The circadian clock, entrained by our planet’s 24 h rotation on its tilted axis, plays crucial roles in the synchronization of the performance of organisms with daily cycles of light and temperature, enabling organisms to regulate activities at the correct time of a day . For instance, the endogenous clock in plants influences various biological processes including leaf movements, hypocotyl growth, floral transition, and abiotic and biotic stress resistance [2–4].
The circadian rhythmicity and molecular mechanisms underlying the circadian clock have been investigated in many organisms including Drosophila melanogaster, Neurospora crassa, Synechoccocus elongatus, and mice [5–7]. In general, several interconnected transcription/translation feedback loops participate to establish central clock oscillations [8–10]. In plants, circadian rhythmicity is extensively investigated in a dicotyledonous model plant, Arabidopsis thaliana, and a ‘three-loop model’ has been proposed .
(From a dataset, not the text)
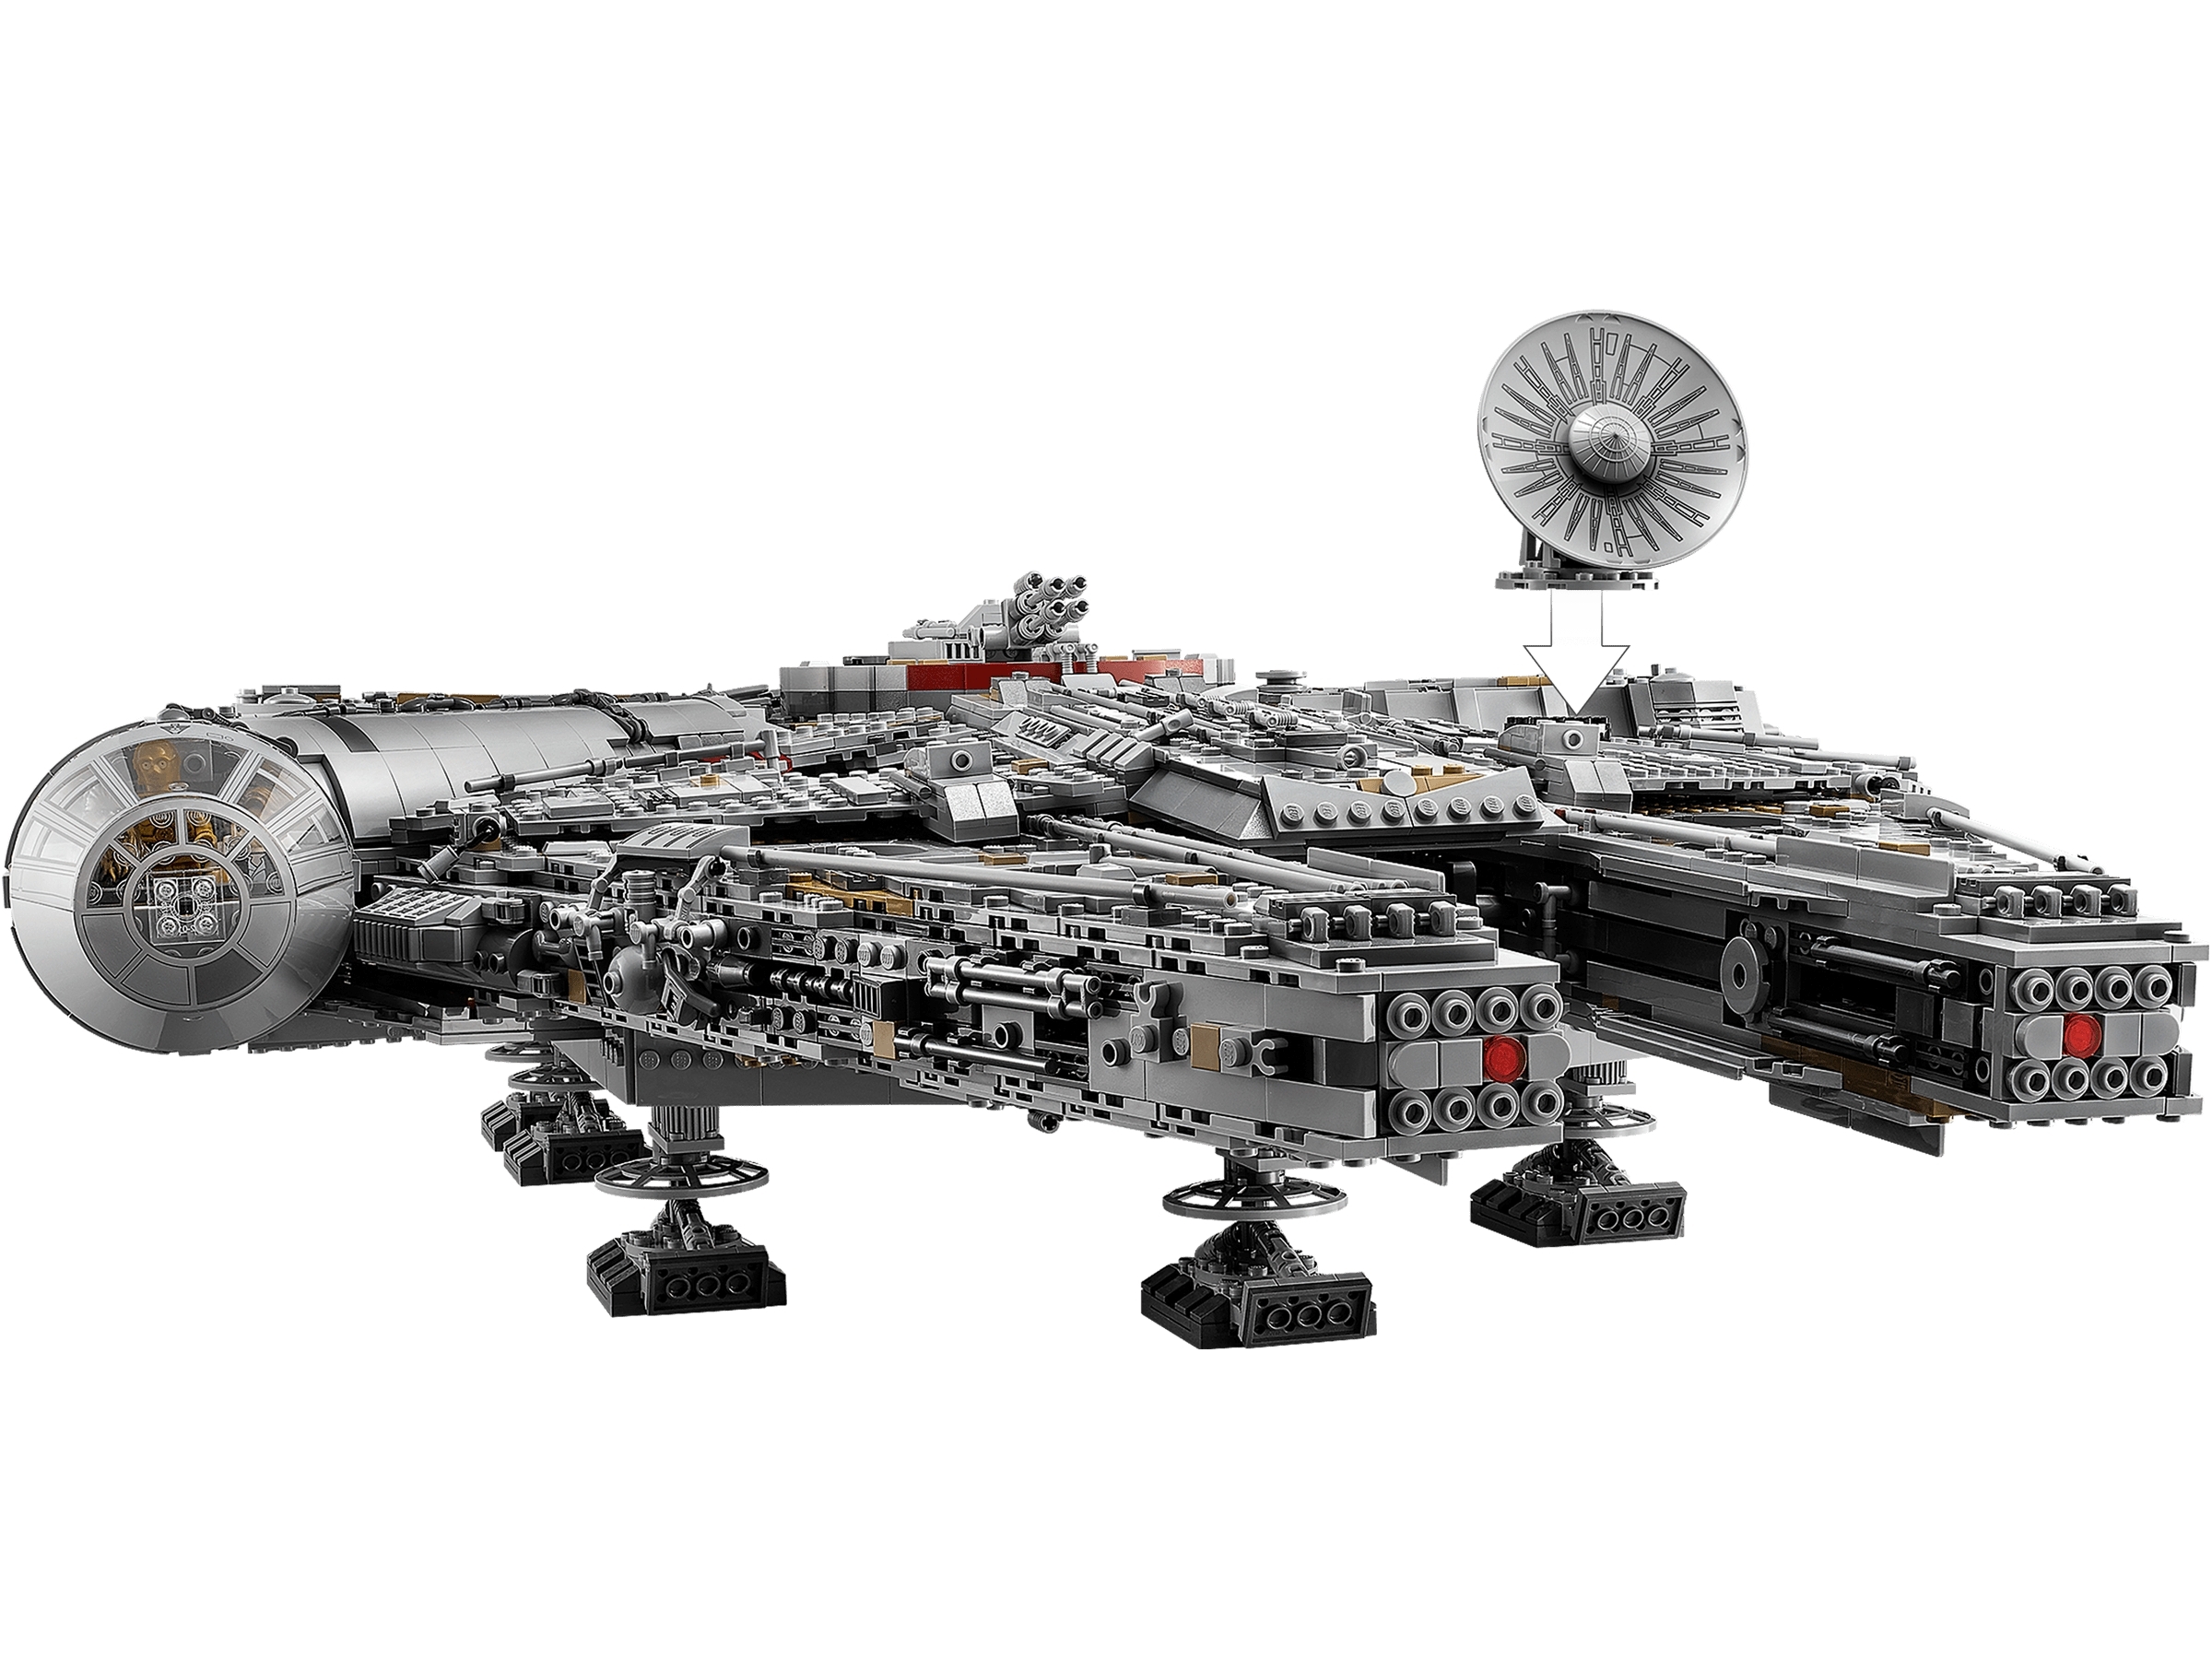 LEGO Star Wars : Un gigantesque set du Faucon Millenium dévoilé

TIMING OF CAB EXPRESSION 1/PSEUDO-RESPONSE REGULATOR 1 (TOC1/PRR1) and two partially redundant MYB transcription factors, CIRCADIAN CLOCK-ASSOCIATED 1 (CCA1) and LATE ELONGATED HYPOCOTYL (LHY) comprise a central oscillation loop . CCA1 and LHY repress transcript expression of TOC1 by binding directly to its promoter, and as shown recently TOC1 negatively regulates the transcription of CCA1 and LHY [13, 14], establishing negative feedback loop [11, 15]. The second loop is formed by TOC1 and the evening complex (EC) consisting of EARLY FLOWERING 3 (ELF3), ELF4, and LUX ARRHYTHMO (LUX) . In addition, the third loop is established by negative feedback between PRR7/PRR9 and LHY/CCA1 [16, 17].
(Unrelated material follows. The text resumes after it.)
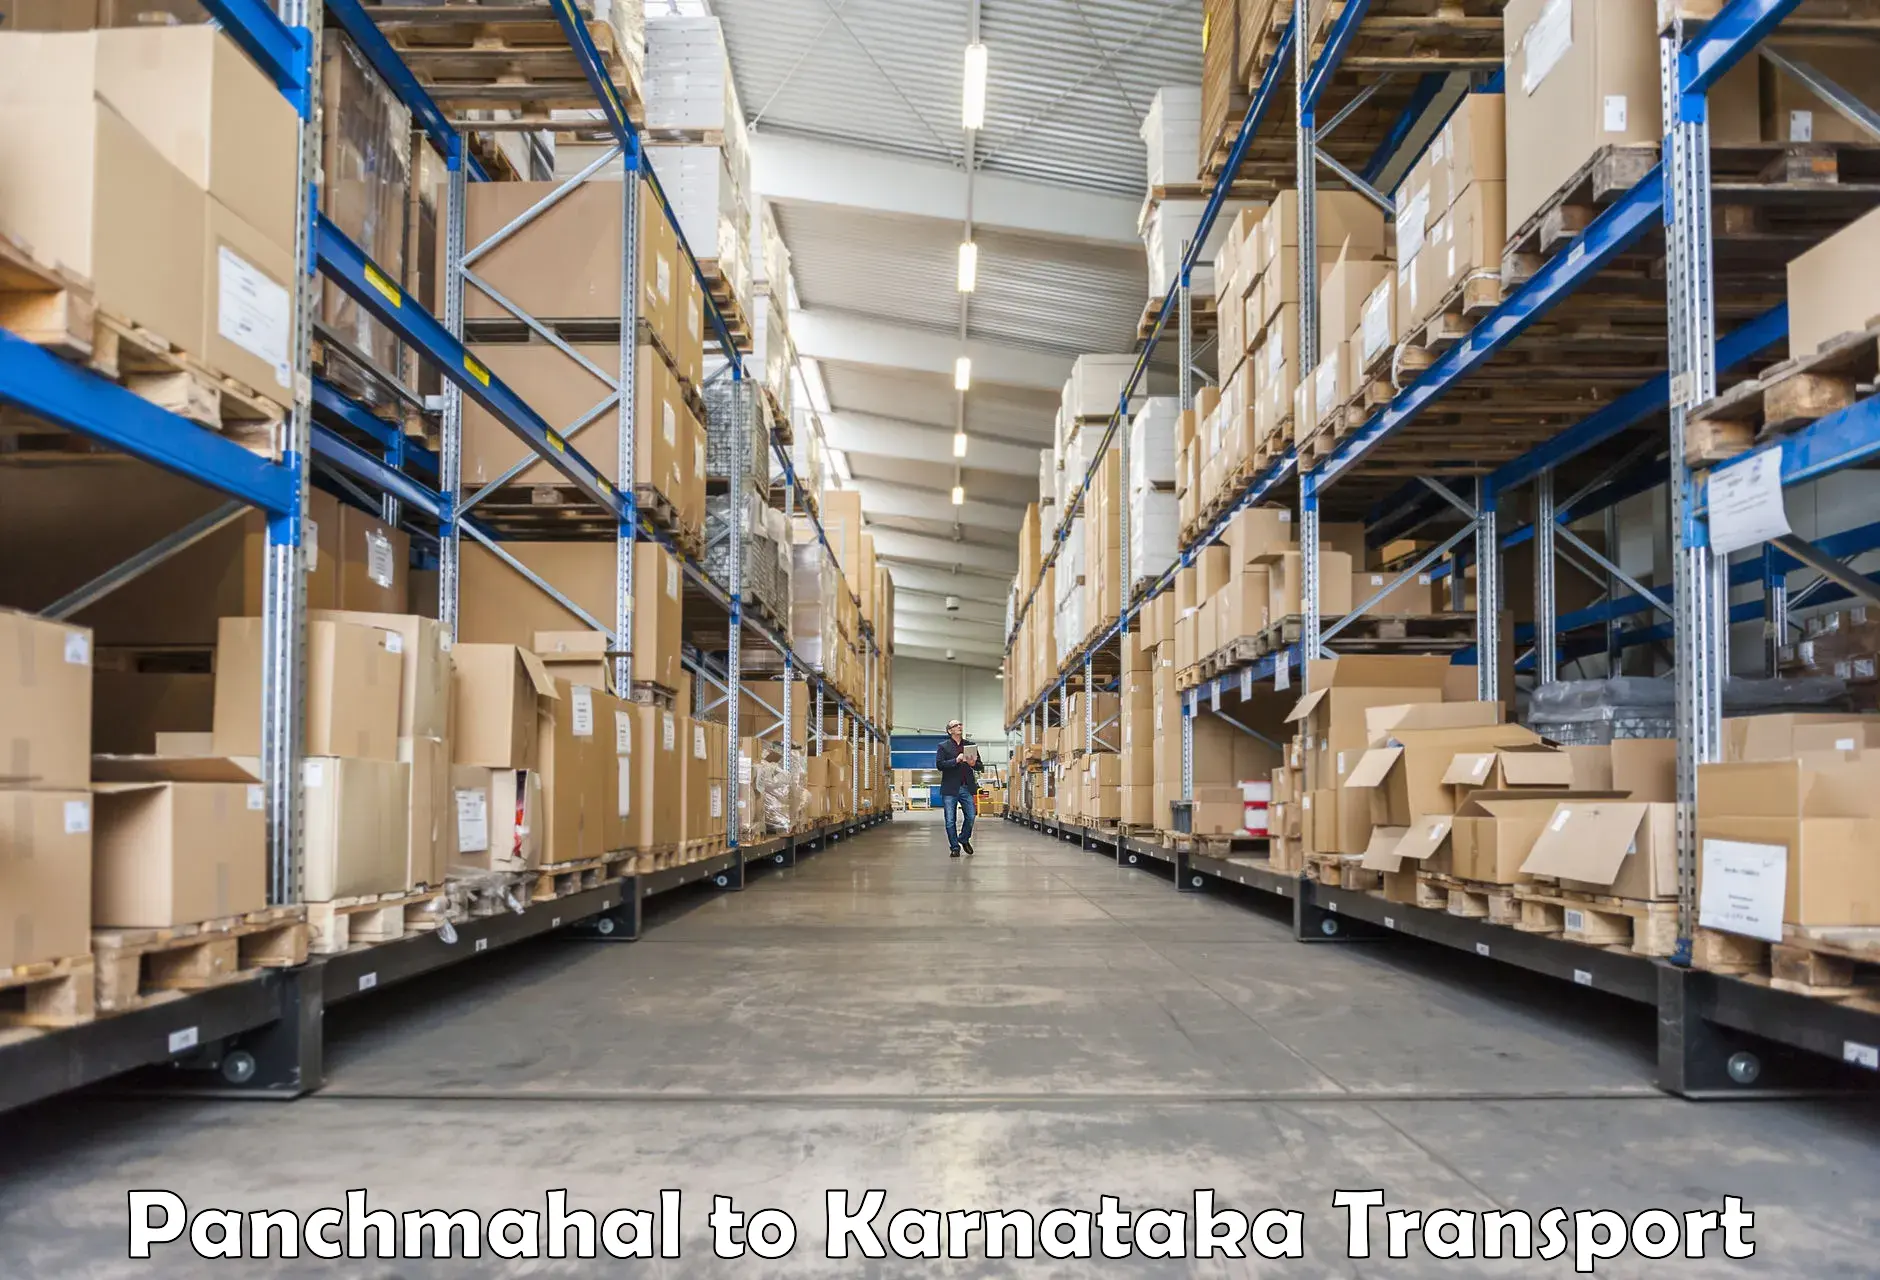 International cargo transportation services Panchmahal to Kalaburagi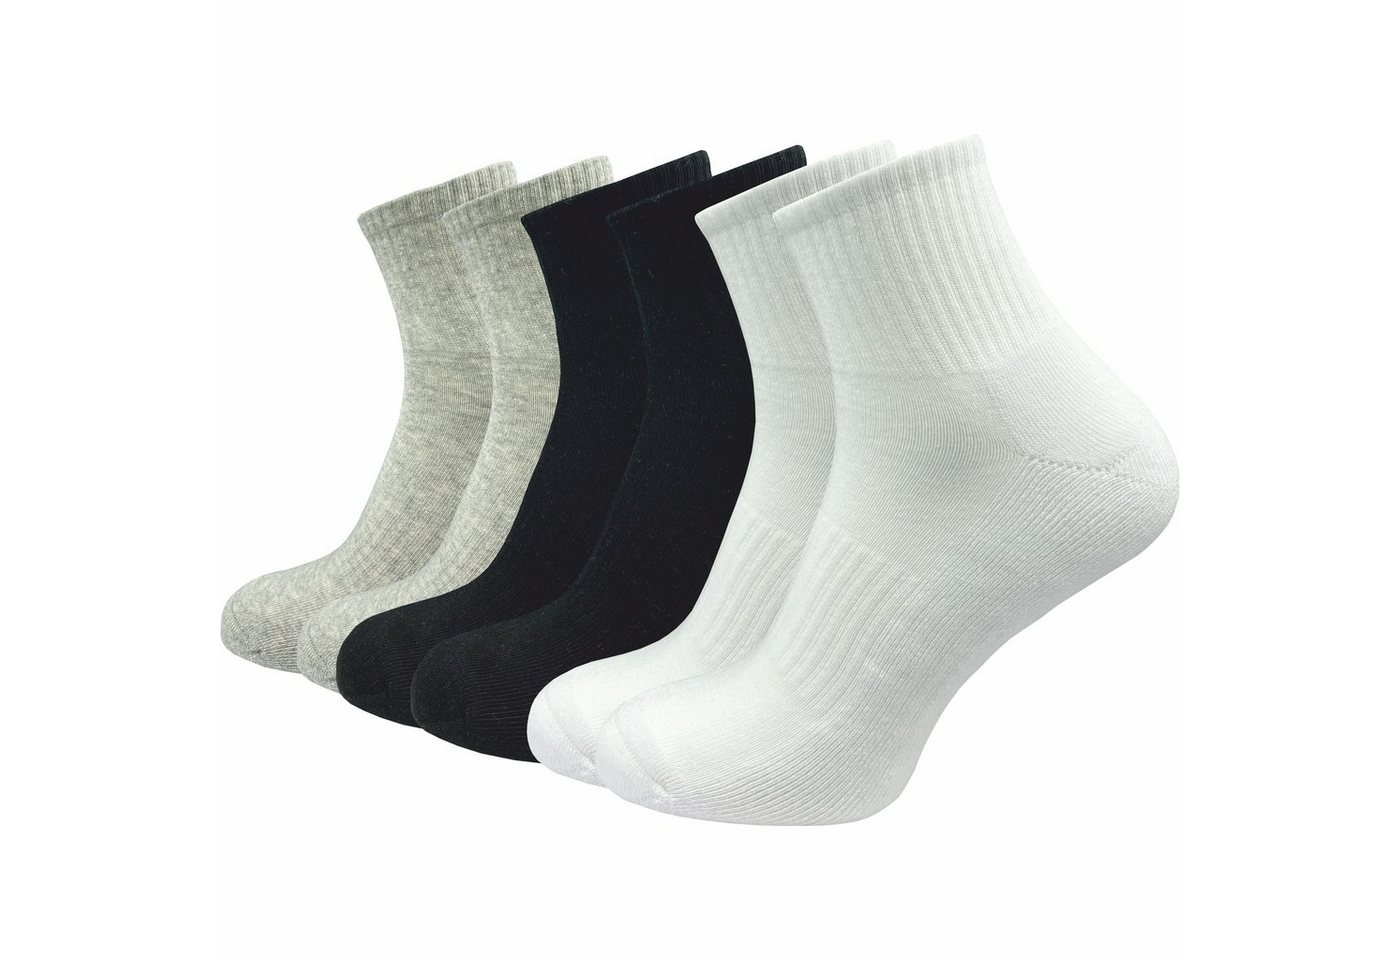 GAWILO Kurzsocken für Damen - Premium Socken für Sport & Freizeit - ohne drückende Naht (6 Paar) in weiß, schwarz & grau, leichte Plüschsohle für höchsten Tragekomfort von GAWILO

Protein turnover regulation provides another layer of sophistication in the regulation of the circadian clock. Notably, the TOC1 protein is regulated by proteasome-mediated protein degradation. The F-box protein ZEITLUPE (ZTL) in the E3 ubiquitin ligase SCF (SKP1-CUL1-F-box protein) complex ubiquitinates the TOC1 protein through direct physical interaction in a dark-dependent manner . Homologs of ZTL are also involved in circadian regulation of photoperiodic flowering [19, 20]. The FLAVIN-BINDING, KELCH REPEAT, F-BOX 1/ADAGIO3 (FKF1/ADO3) interacts with GI in a blue light-dependent manner and regulates CONSTANS expression by degrading a Dof transcription factor, CYCLING DOF FACTOR 1 . In addition, it has been reported that ZTL, FKF1, and LOV KELCH PROTEIN 2 together regulate TOC1 and PRR5 degradation, contributing to the circadian oscillation .
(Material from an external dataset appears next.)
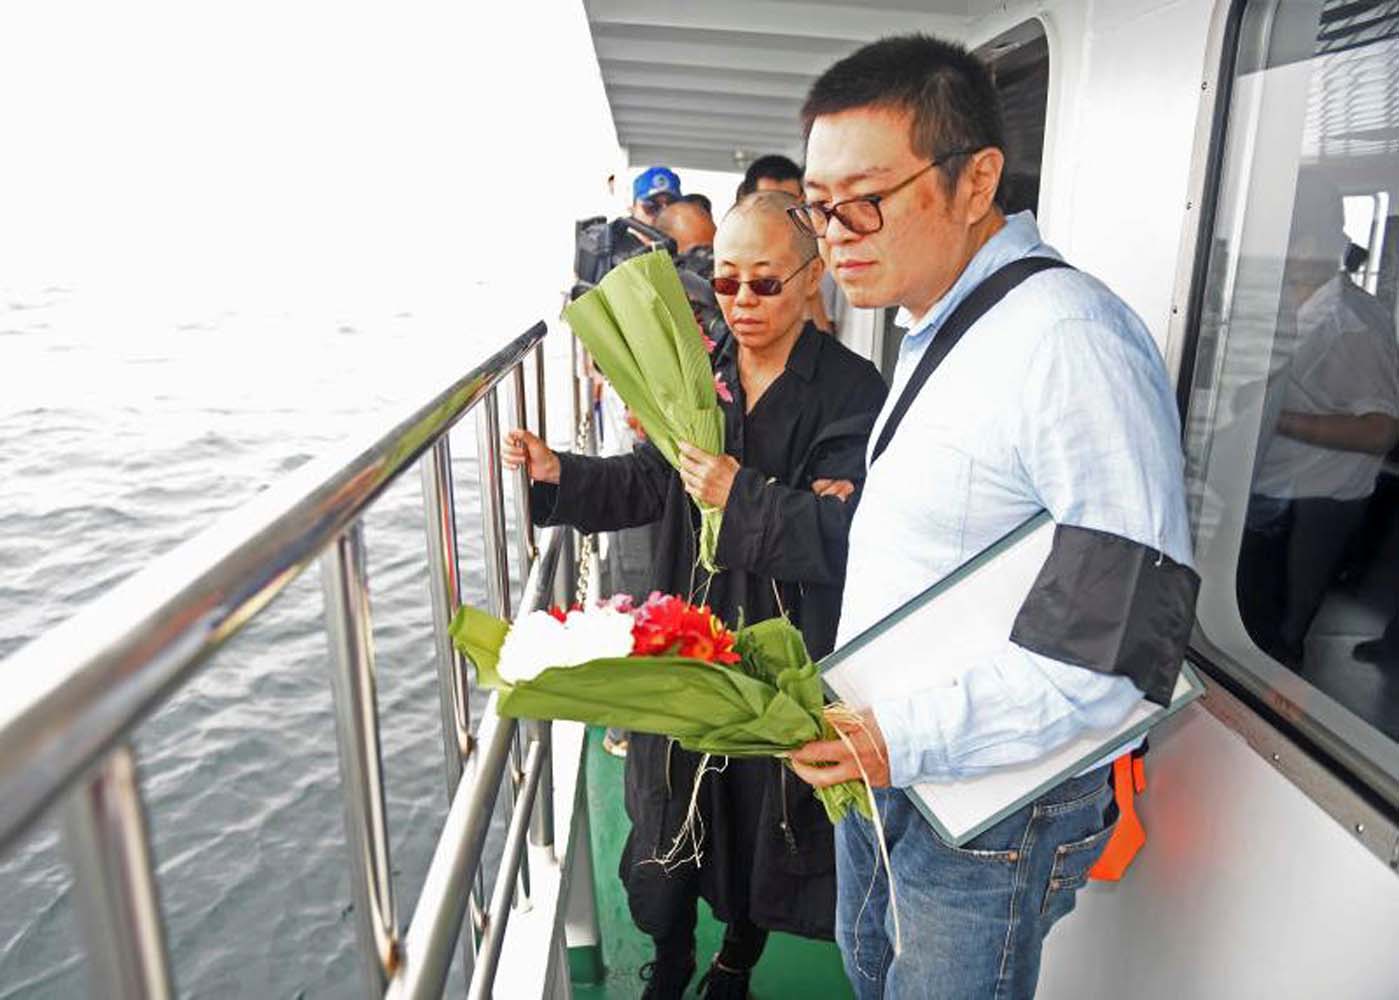 Las cenizas del disidente chino Liu Xiaobo fueron dispersadas en el mar

Recent works has shown that many of these circadian clock components can also be found in diverse plant species including rice, soybean, maize, and poplar [22–25]. CCA1/LHY genes are widely conserved in eudicotyledonous (eudicots) and monocotyledonous (monocots) plants [26–29], and CCA1/LHY and TOC1 feedback loops are thought to play a central role in the clock’s function in these plant species. Functional homologs of ZTL have also been found in several plant species [30, 31], further supporting that circadian clock components are fairly well-conserved in plants.
Despite the important role of the endogenous clock in entraining physiological processes to environmental signals, how the circadian clock regulates ecological performance of a plant in its natural habitat is largely unknown. Only a few studies have shown that the endogenous clock allows plants to maximize photosynthetic capacity and reproductive success [32–34]. In order to expand our understanding of the clock function in biotic and abiotic interactions, we identified three core clock components (LHY, TOC1, and ZTL) in a wild tobacco, Nicotiana attenuata, which has been developed as a model system for understanding ecological performance in native habitats, in particular the Great Basin desert in Utah. N. attenuata is a seasonal solanaceous plant, completing its life cycle during spring and summer to lie dormant in the seed bank for the many years between fires in its native habitat. These results provide additional evidence of the conservation of the circadian clock genes and set the stage for future studies to unravel the ecological relevance of the clock.